Clinical Trial Details
— Status: Completed
Administrative data
NCT number |
NCT05161338 |
Other study ID # |
2110-VLC-095-EL |
Secondary ID |
|
Status |
Completed |
Phase |
N/A
|
First received |
|
Last updated |
|
Start date |
February 15, 2022 |
Est. completion date |
April 30, 2023 |
Study information
Verified date |
October 2023 |
Source |
Instituto Valenciano de Infertilidad, IVI VALENCIA |
Contact |
n/a |
Is FDA regulated |
No |
Health authority |
|
Study type |
Interventional
|
Clinical Trial Summary
Is already demonstrated that around 30% of patients undergoing an artificial cycle with
vaginal progesterone do not reach a minimum threshold value of serum progesterone levels on
the day of embryo transfer. Women with serum progesterone levels below this threshold have
20% lower ongoing pregnancy and live birth rates, decreasing their chances of success.
However, the cause of this high heterogeneity in exogenous vaginal progesterone absorption
among our patients remains unknown. It has been suggested that vaginal microbiome, and
vaginal pH (due to its impact in microbiota growth), may explain the differences in vaginal
progesterone absorption. The aim of the present pilot study is to assess if certain vaginal
conditions, such as its microbiome status or its pH level, might affect vaginal progesterone
absorption (measured by serum progesterone levels) and, in turn, the chances of success. In
order to evaluate it, a prospective cohort unicentric study will be conducted in IVI RMA
Valencia (Spain). Infertile patients undergoing an embryo transfer in the context of an
artificial cycle when using vaginal progesterone will be recruited. Serum progesterone and
estradiol levels, microbiome genetic analysis in vaginal samples and vaginal pH will be
measured both on the embryo transfer-scheduling day and on the embryo transfer day.
Description:
Currently, as part of routine clinical practice serum progesterone levels were meassured of
women undergoing an ET in the context of an artificial cycle. These blood tests are usually
performed around 2 hours before ET, thus results are available before their departure of the
clinic. In the event of detecting low serum progesterone levels, an extra dose of exogenous
subcutaneous progesterone is given for LPS.
There is not knowing about the reason of this heterogeneity in progesterone absorption, and
one plausible hypothesis is vaginal microbiome. In the event of proving a significant
association between vaginal microbiome and serum progesterone levels on the day of ET, and in
particular if these levels are below or above the delimited threshold, it would be possible
to individualize LPS in several patients in a more direct manner.

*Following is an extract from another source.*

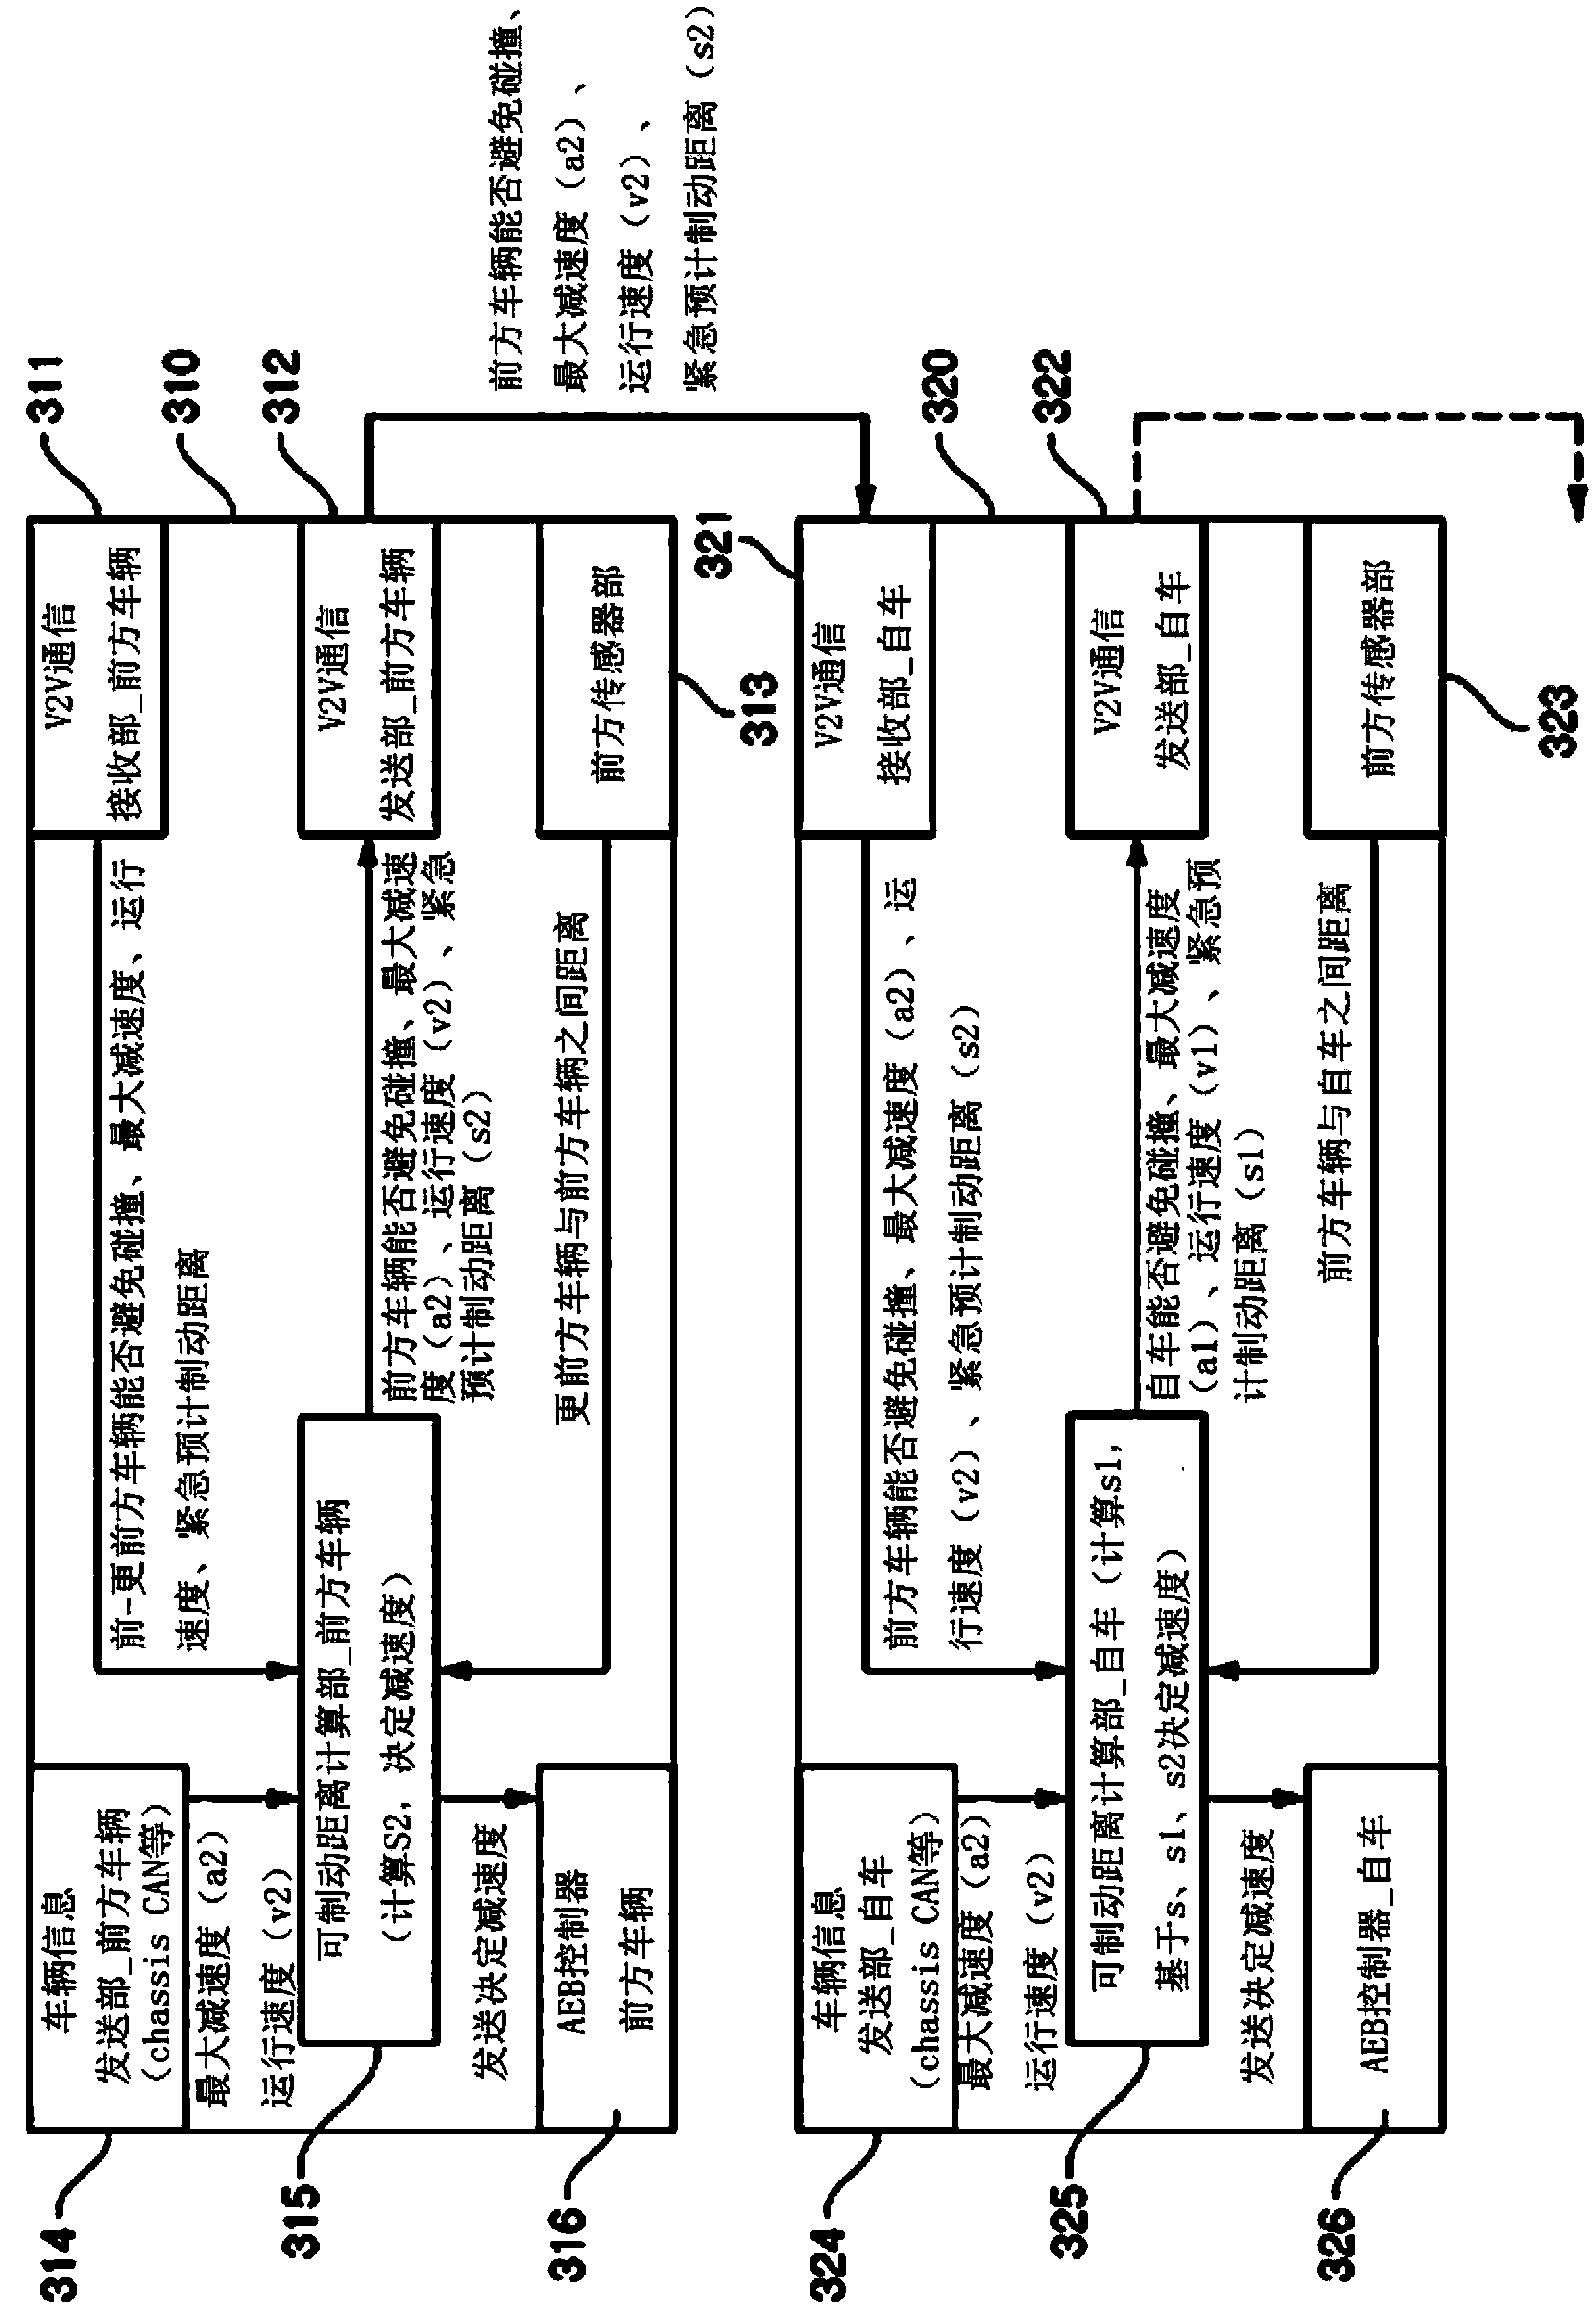 AEB control apparatus and method based on communication between vehicles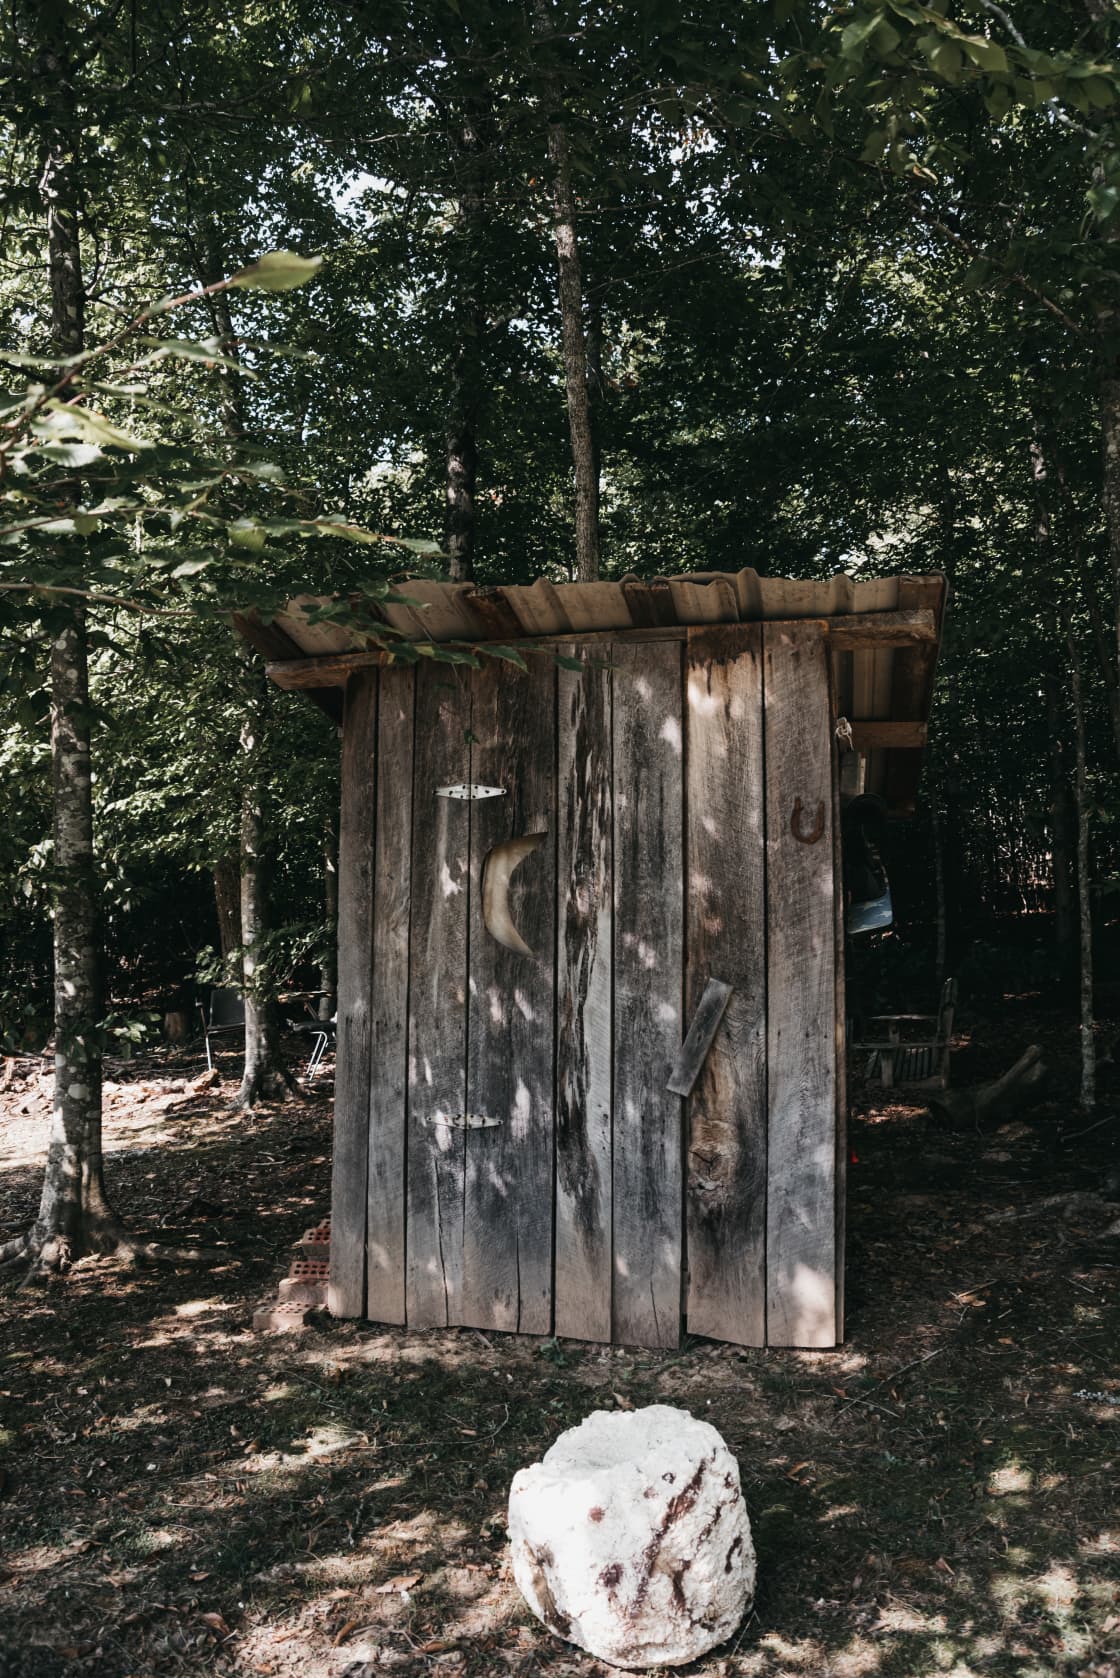 Outhouse near the tent sites for doing outhouse things..

It is true that our current clinical practice, giving subcutaneous progesterone, is capable
of equaling OPR of women with serum progesterone levels below 8.8 ng/ml on the ET day to
those with values above this threshold applying the exact same approach to all patients. This
study could be the next step towards an iLPS, to know the reason of the lower progesterone
levels, and treat it directly, instead of moving to the need of a daily injection of
progesterone which is costly and not patient friendly. Furthermore, vaginal microbiome may
also have an impact in the subsequent OPR, even though serum progesterone levels were over
8.8 ng/ml. If this is the case, the analisys in advance the patient's vaginal microbiome will
allow to treat the patient accordingly in order to increase the results of the ART treatment.